Hormis la dualité du parcours de l’exposition, le concept de duplicité, de double, caractérise le travail de Carsten Höller qu’on retrouve dans Twins. Commencée en 2005 à Tokyo, cette œuvre ne cesse d’évoluer depuis ? À chaque fois qu’elle est exposée, elle inclut un duo de vraies jumelles locales. La version de Santander affiche des gravures en vidéo de neuf couples de jeunes femmes provenant de neuf pays différents. Présentés sur des moniteurs en forme de couloir, les deux membres de chaque duo sont placés l’un en face de l’autre et prononcent, dans leur langue, des affirmations opposées.
Même si le concept du double est prépondérant dans l’œuvre de Carsten Höller, l’artiste explore aussi dans une série de travaux, le concept antagonique de la division. Cette investigation commença avec Division Wall, un dessin mural basé sur une formule mathématique permettant de peindre un mur en le divisant en fragments, chacun mesurant la moitié de la taille du précédant. La structure Platform obéit au même principe: chacune des portions circulaires mobiles, insérées dans la surface en métal, est la moitié de la précédente. En marchant dessus, le spectateur active une rotation, pouvant ainsi modifier le cours de sa visite.
Reprenant son ancien intérêt pour la science du comportement, Carsten Höller a souvent travaillé sur les oiseaux, plus précisément sur les canaris. Canary Scale est la dernière itération de cette recherche. Deux cages de taille identique sont accrochées au plafond et reliées entre elles par une balance et contiennent un nombre identique de canaris d’espèces différentes. Les deux volières sont en plus similaires en termes de forme, poids et caractéristiques. L’aiguille et le curseur de la balance permettent au visiteur de savoir si les deux éléments pendent au même niveau, ou si les mouvements des oiseaux modifient l’équilibre.
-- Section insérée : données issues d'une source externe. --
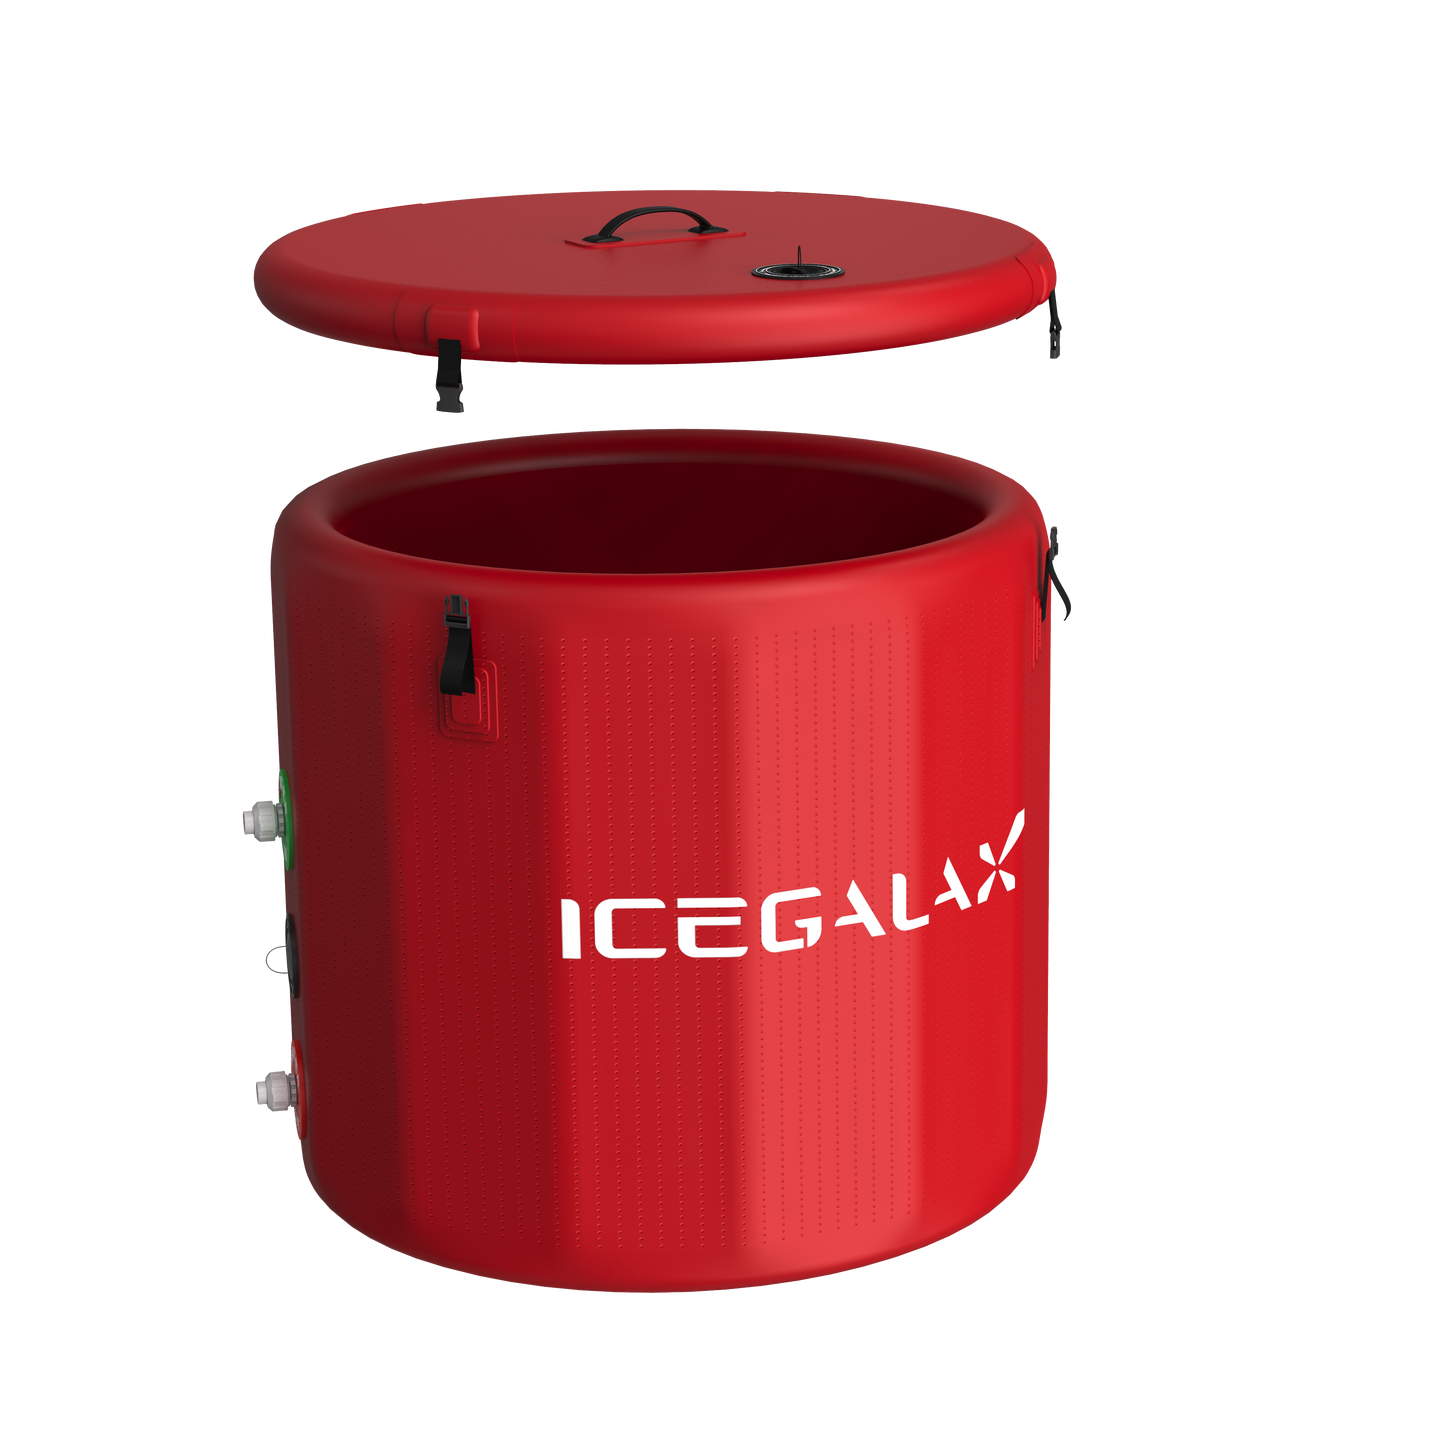 ICEGALAX Customized Red Inflatable Round Bathtub Ice Barrel For Cold Plunge

Le visiteur est penché et observe les différences de comportement des habitants de chaque cage: chant, modèles de vol, etc.
Même si le titre de Y peut sembler d’entrée extrêmement simple, les multiples interprétations évoquées et la complexité du sens en font un symbole parfait pour vivre une expérience à multiples facettes.
Höller encadrera aussi, un groupe de quinze jeunes artistes internationaux, dans l’Atelier des Arts Plastiques de Villa Iris organisé par la Fondation Botín. Depuis 1994 ces ateliers ont réuni chaque année à Santander des créateurs talentueux comme Juan Uslé, Gabriel Orozco, Julião Sarmento, Miroslaw Balka, Antoni Muntadas, Jannis Kounellis, Mona Hatoum, Paul Graham, Tacita Dean ou Carlos Garaicoa, parmi tant d’autres.
La Fondation Botín remercie la collaboration et l’implication de Inelcom et de la Collection Odeur Visuelle, deux sociétés espagnoles visionnaires qui grâce à leur savoir-faire ont permis à l’artiste de produire deux nouvelles «expérimentations». Mille mercis à la Hayward Gallery (Londres) et au Thyssen-Bornemisza Art Contemporary (Vienne), qui ont coproduit deux œuvres de cette exposition.